By M.D. Kittle | Wisconsin Reporter
MADISON, Wis. – The Republican Party of Wisconsin has filed a complaint with the state’s campaign and elections agency against the AFL-CIO, alleging the labor union failed to disclose its activity in attempting to influence a state Assembly election.
The complaint, filed with the Government Accountability Board, charges that the AFL-CIO campaigned for Democratic candidate Elizabeth Coppola in her run for the 21st Assembly District special election last year. The special interest group, however, did not disclose its spending in the race, according to the state GOP.
In the race to fill the seated vacated by former state Rep. Mark Honadel, R-South Milwaukee, Coppola, a United Way fundraiser, was defeated by Jessie Rodriquez, an outreach coordinator for Hispanics for School Choice, in a race infused with more than $100,000 in special-interest money.
In its complaint, RPW says the labor union provided staff support to Coppola, hosted phone banks, and “used its resources to canvas neighborhood’s” on the candidate’s behalf, but did not report the activity. Upon recently learning of the attention drawn to its unreported activity, the AFL-CIO took down webpages linking its campaign efforts to Coppola, the GOP said in a statement.
A link filed in the complaint leads to a web page bearing the iconic blue fist of the AFL-CIO, featuring a photo of Coppola and urging district voters to cast their ballots in the Nov. 19, 2013, special election. The site also makes an urgent request.
“Your help is needed with phone banks and canvassing for the upcoming election in Wisconsin’s 21st Assembly District,” declares the webpage.
The state GOP cried foul.
“It appears that the AFL-CIO attempted to circumvent campaign finance laws in order to influence an election,” said Joe Fadness, executive director of the Republican Party of Wisconsin. “We’ve asked the GAB to review these allegations and hold accountable this group and any organization looking to conceal their activities and mislead voters.”
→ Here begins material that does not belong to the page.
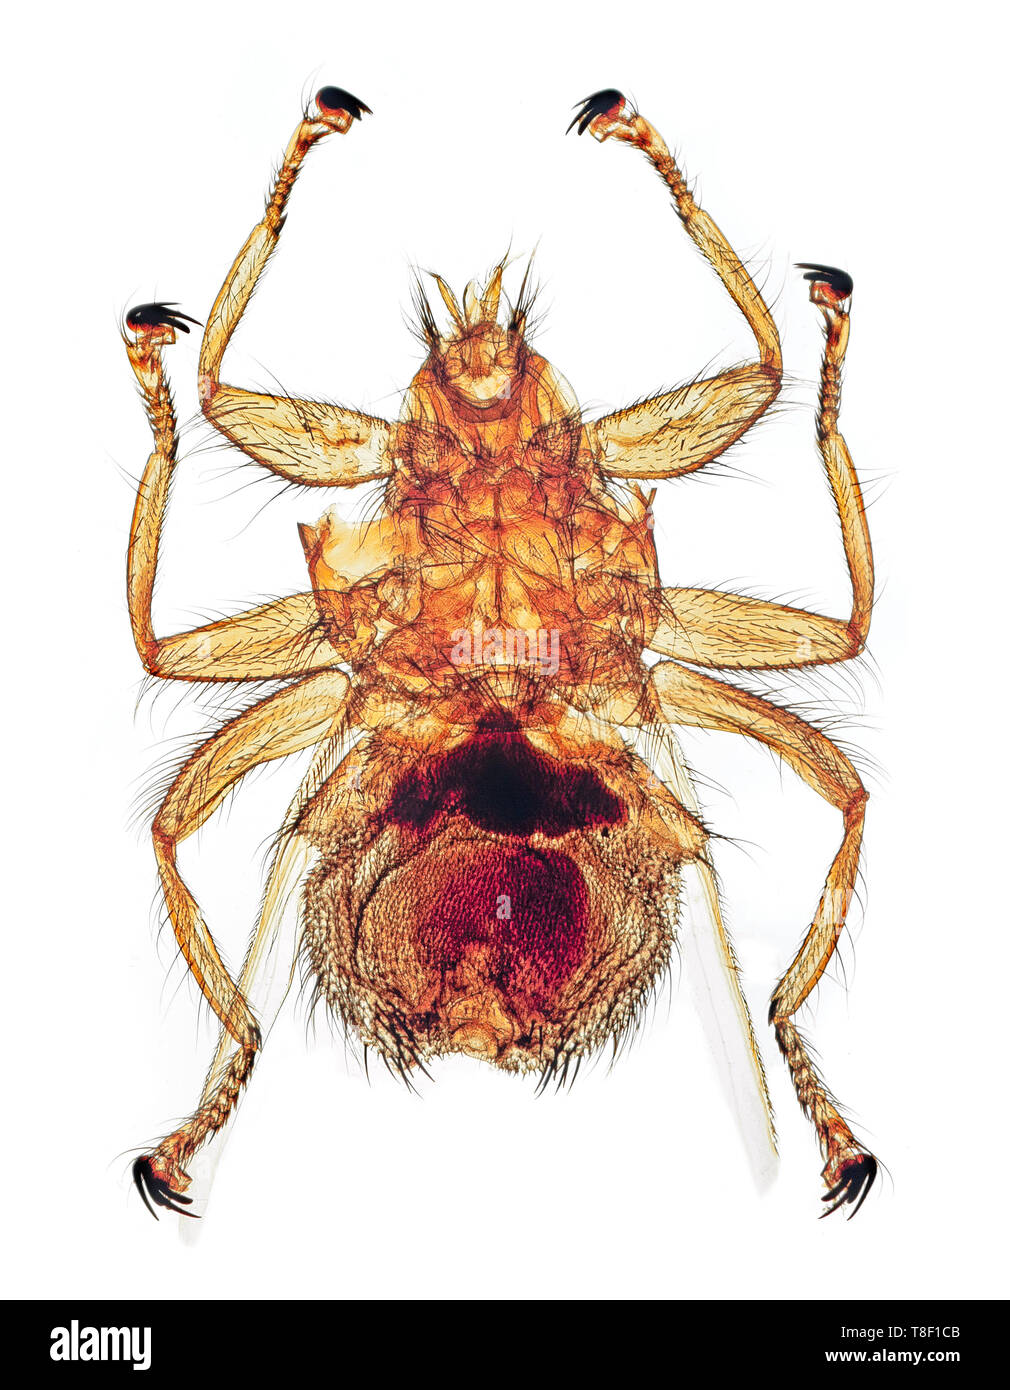 Parasites des oiseaux, Stenopteryx hirundinis, d une maison martin, une espèce de mouche dans la famille Hippoboscidae. C'est trouvé dans la région paléarctique. Banque D'Images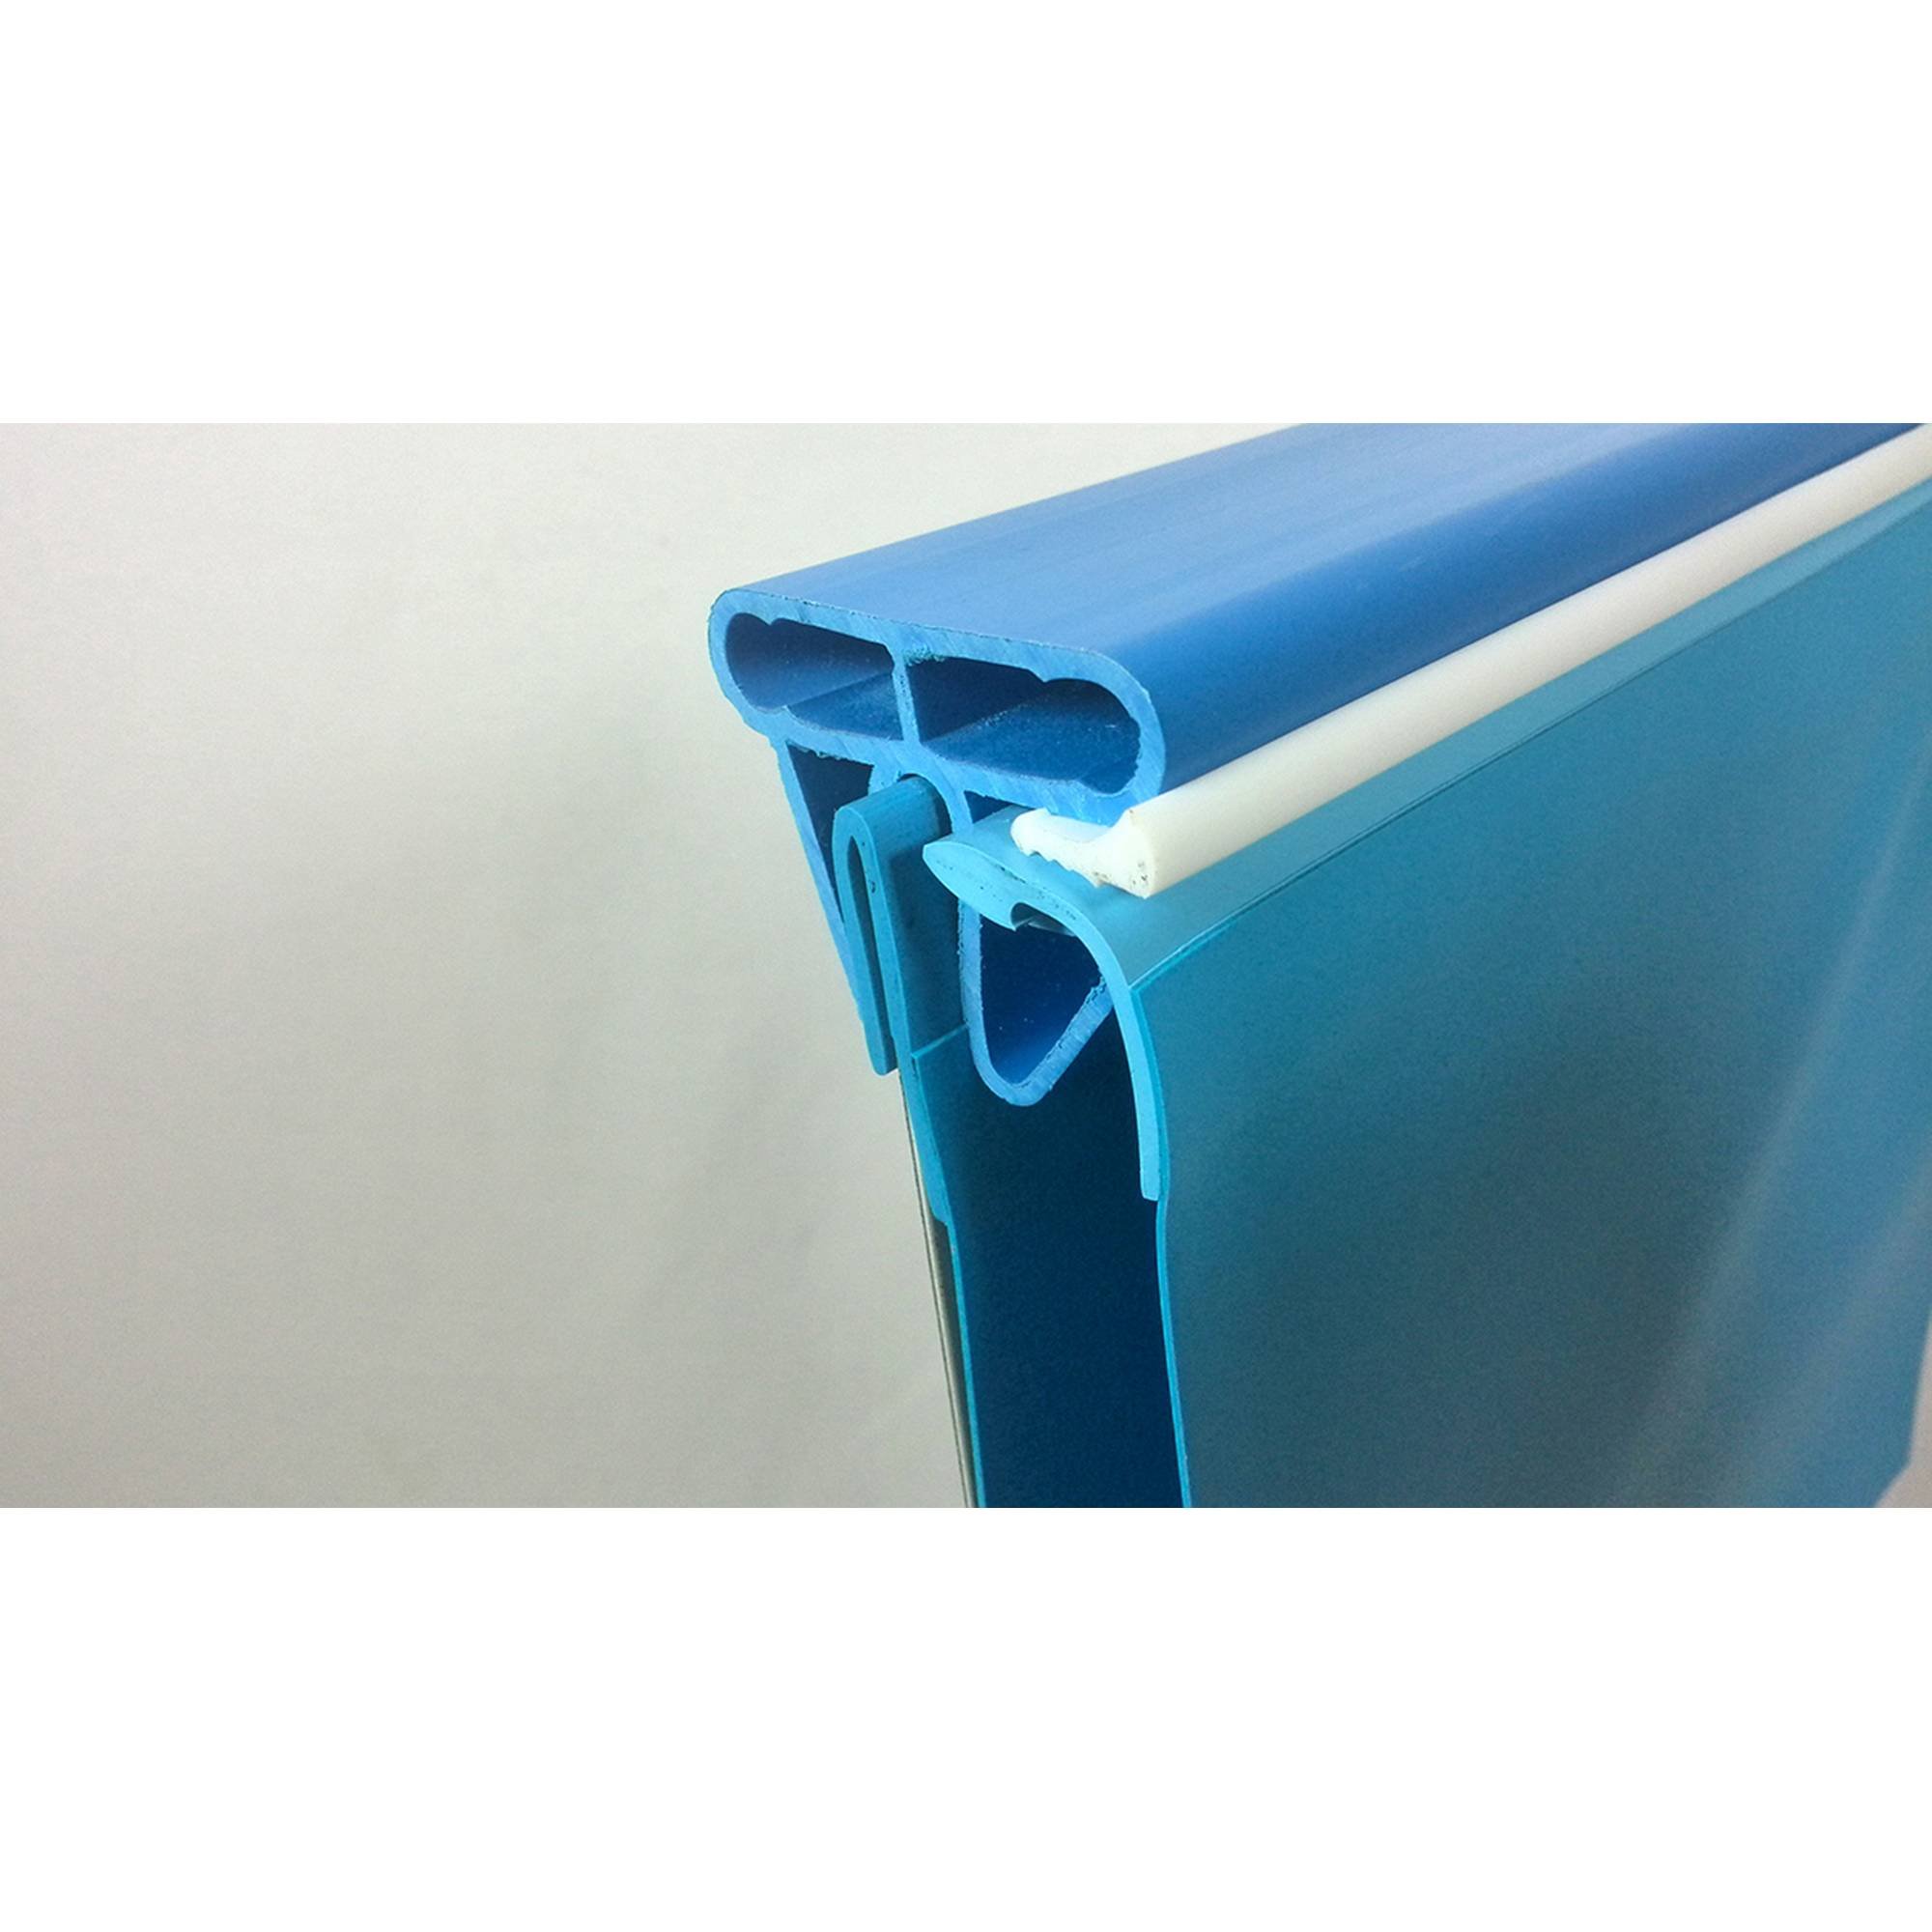 Stahlwandpool rund Exklusiv 450x120 cm, Stahl 0,6 mm weiß, Folie 0,6 mm blau, Einhängebiese

An AFL-CIO spokeswoman did not return phone calls from Wisconsin Reporter seeking comment.
GAB spokesman Reid Magney confirmed the board had “just received a hand-delivered copy of the complaint,” just before 11 a.m. Thursday.
“Beyond that we have no comment,” Magney said in an email to Wisconsin Reporter.
Rodriquez became the state Legislature’s second Latina legislator and the first GOP Latina lawmaker with her win.
Following the election, the Milwaukee Journal Sentinel noted that Rodriguez benefited from some $70,000 in outside money supporting her campaign or attacking her opponent.
“The American Federation for Children, a school voucher advocacy group, spent $45,647 promoting Rodriguez, and the pro-business Jobs First Coalition spent $24,000 opposing Coppola,” the paper reported. “The left-leaning Greater Wisconsin Fund spent $30,815 for Coppola’s campaign.”